New York State DFS Superintendent Benjamin Lawsky today issued proposed rules applicable to virtual currency businesses. These proposed rules continue the DFS’s efforts to regulate this emerging, dynamic industry. As it has done in the past, the DFS seeks input from the public, soliciting comments on the proposed rules for 45 days after the proposed rules’ formal release on July 23, 2014.

The rules seek to govern “Virtual Currency Business Activity,” a newly-minted term that supposedly captures the right kinds of commercial activity related to virtual currency so that the DFS can “strike an appropriate balance that helps protect consumers and root out illegal activity – without stifling beneficial innovation.” But, as they are written, the proposed rules are wide in scope and heavy on compliance. It appears that the proposed rules would apply to a class of people and entities which is much broader than that which is covered by FinCEN’s 2013 Virtual Currency Guidance and FinCEN’s February 2014 Letter Rulings. For example, the proposed rules would apply to “anyone securing, storing, holding, or maintaining custody or control of Virtual Currency on behalf of others,” sweeping in wallet service providers, or providers of any service which holds at least one of the needed “private keys” to execute Bitcoin transactions. Such service providers are not necessarily within the reach of FinCEN’s Guidance. The rules also cover the retail conversion of currency, including fiat-to-digital and digital-to-digital conversions.

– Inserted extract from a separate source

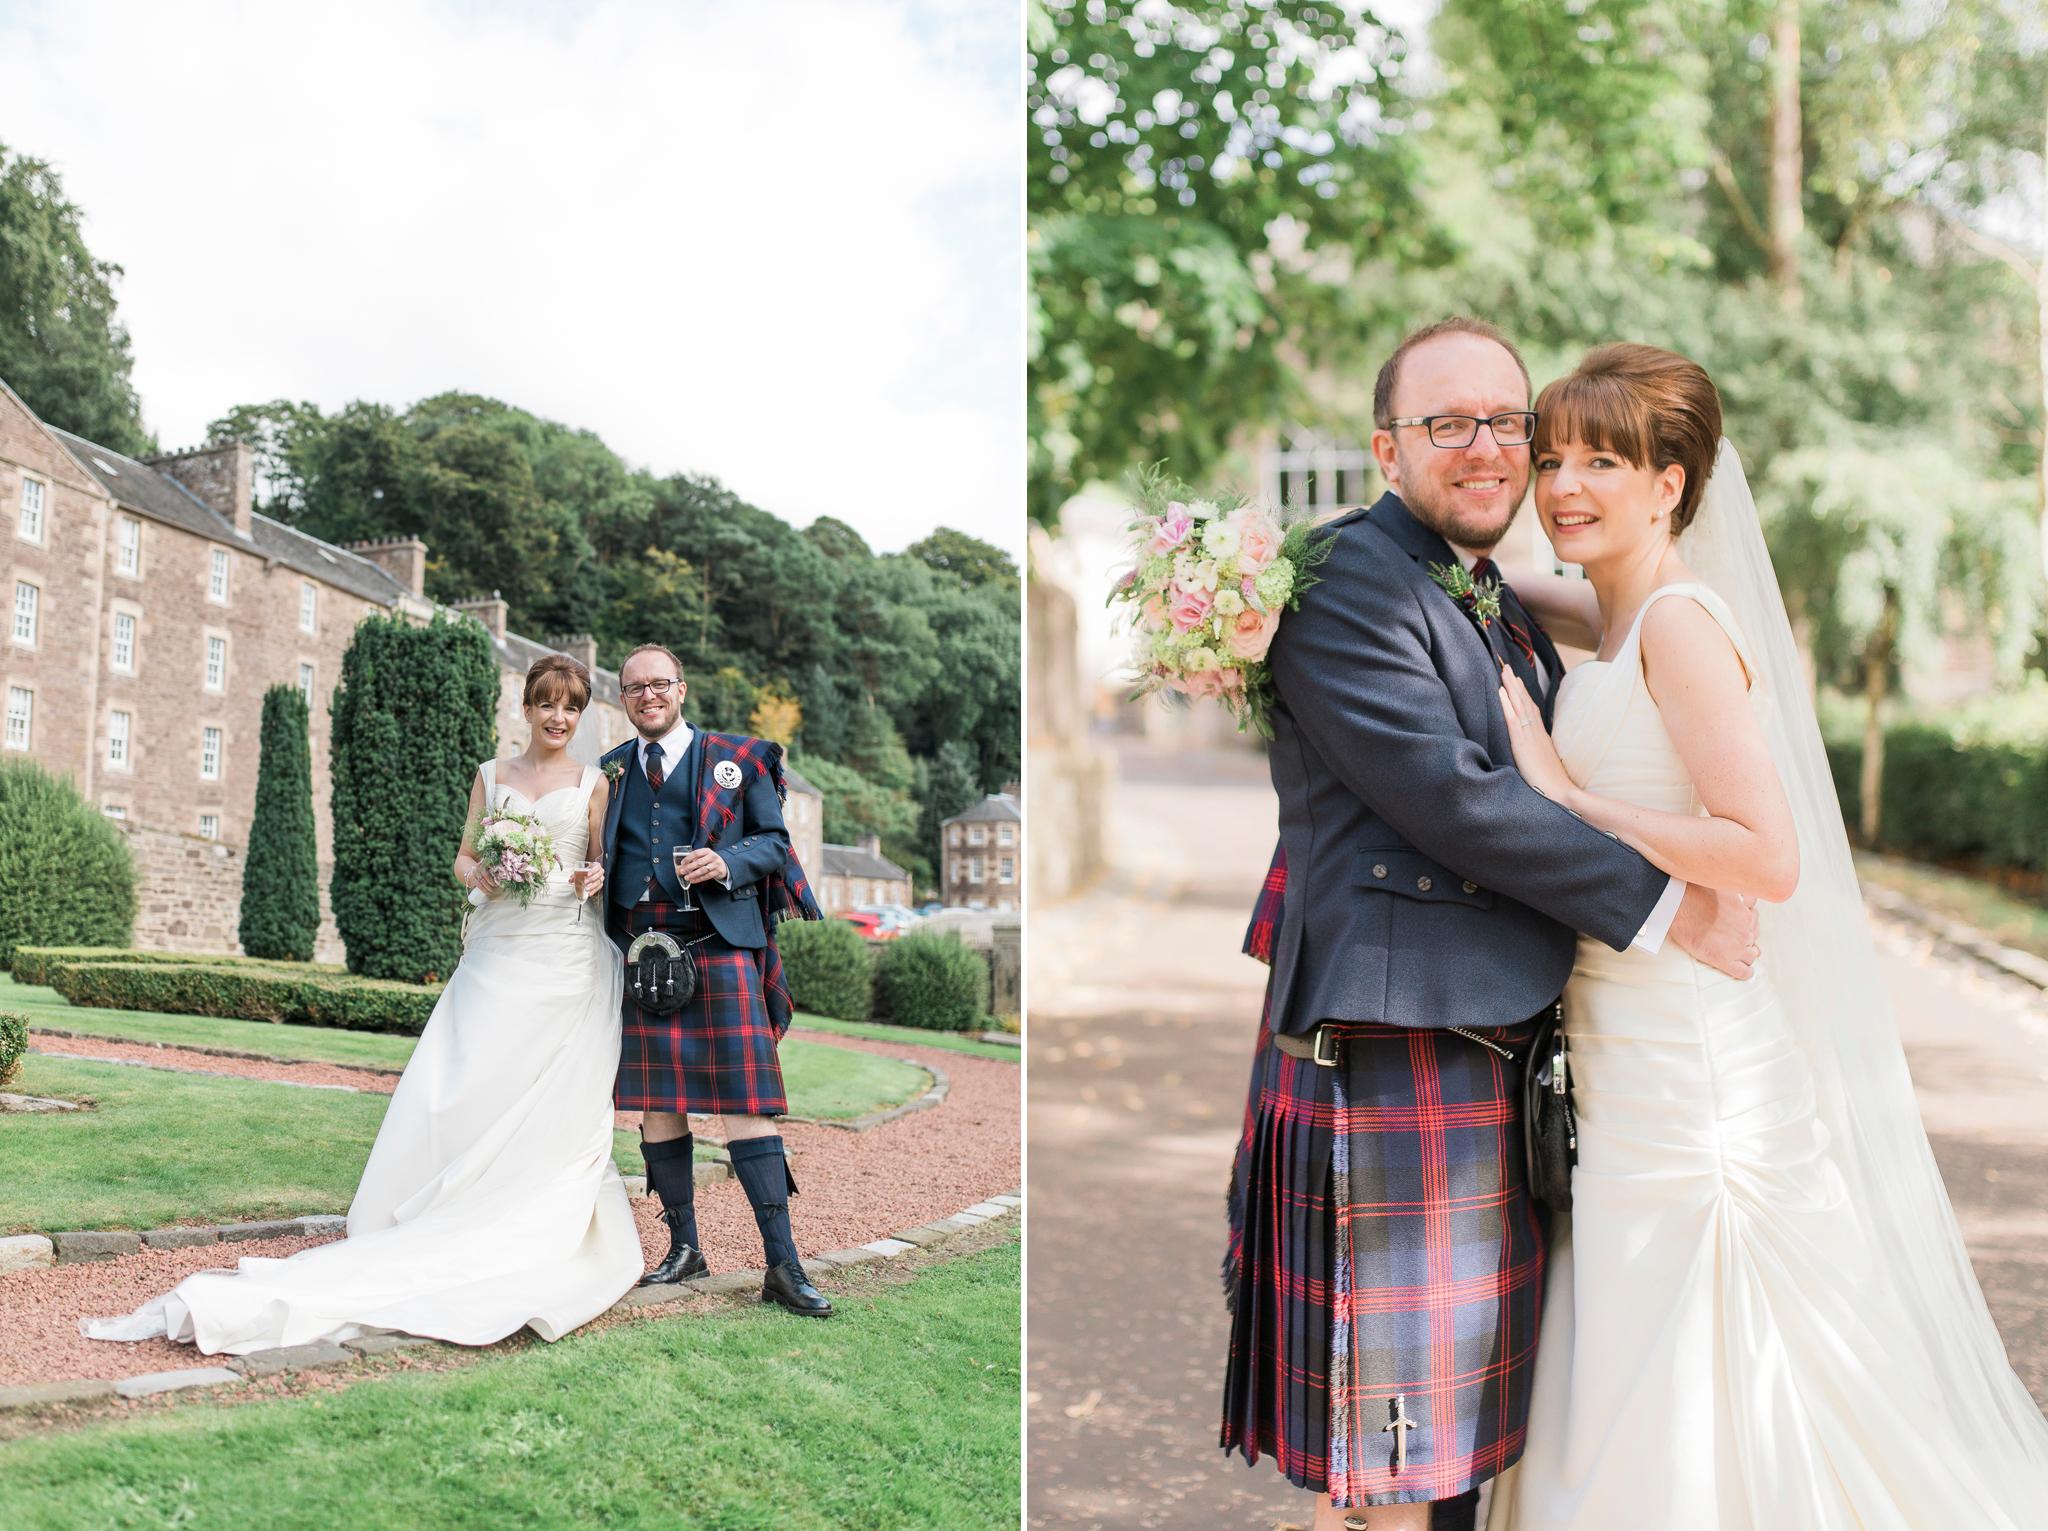 073-scotland-wedding-photographer.jpg

Those within the reach of the proposed rules would need to take a number of steps to become and remain licensed by the NYDFS. These include traditional requirements such as financial disclosures, background checks, and an explanation of the regulated payment flows; but the proposed rules also demand more, including extensive disclosures about applicant business plans, corporate structures, and future strategies.

Once licensed, virtual currency businesses will be subject to an expanded set of operational and reporting requirements. These requirements include:

  • Maintaining 10 years’ worth of transaction data, which must include personal identifying information of both parties to each transaction;
  • Storing all “communications and documentation related to investigations of customer complaints and transaction error resolution….”;
  • Quarterly reporting not only of certain financial and transaction data often required of money services businesses, but also of “financial projections and strategic business plans”;
  • Submitting to regular examinations by the DFS;
  • Maintaining a “Cyber Security Program” that addresses, among other things, incident responsiveness, customer privacy, business continuity, and information governance; and
  • A unique, state-specific, suspicious activity reporting obligation where “each Licensee that is not required to file SARs [with FinCEN] … shall file with the superintendent…reports of transactions that indicate a possible violation of law or regulation….”

Not only do the proposed rules unambiguously impose AML compliance obligations and other security-related requirements that are broader than even those required by the Bank Secrecy Act, but their requirement to report strategic business plans and other sensitive information could pose particular challenges in an industry in which innovation is premium. The new state-specific suspicious activity report, if adopted by many other states that decide to follow New York’s lead, could become a burden on virtual currency companies, especially if the reporting requirements are not coordinated or uniform between separate states. Similarly, it is not clear whether some types of businesses could comply with the proposed rules, even if they tried. For example, collecting physical address information on all of the parties of every kind of virtual currency transaction may not be practical or even technologically feasible.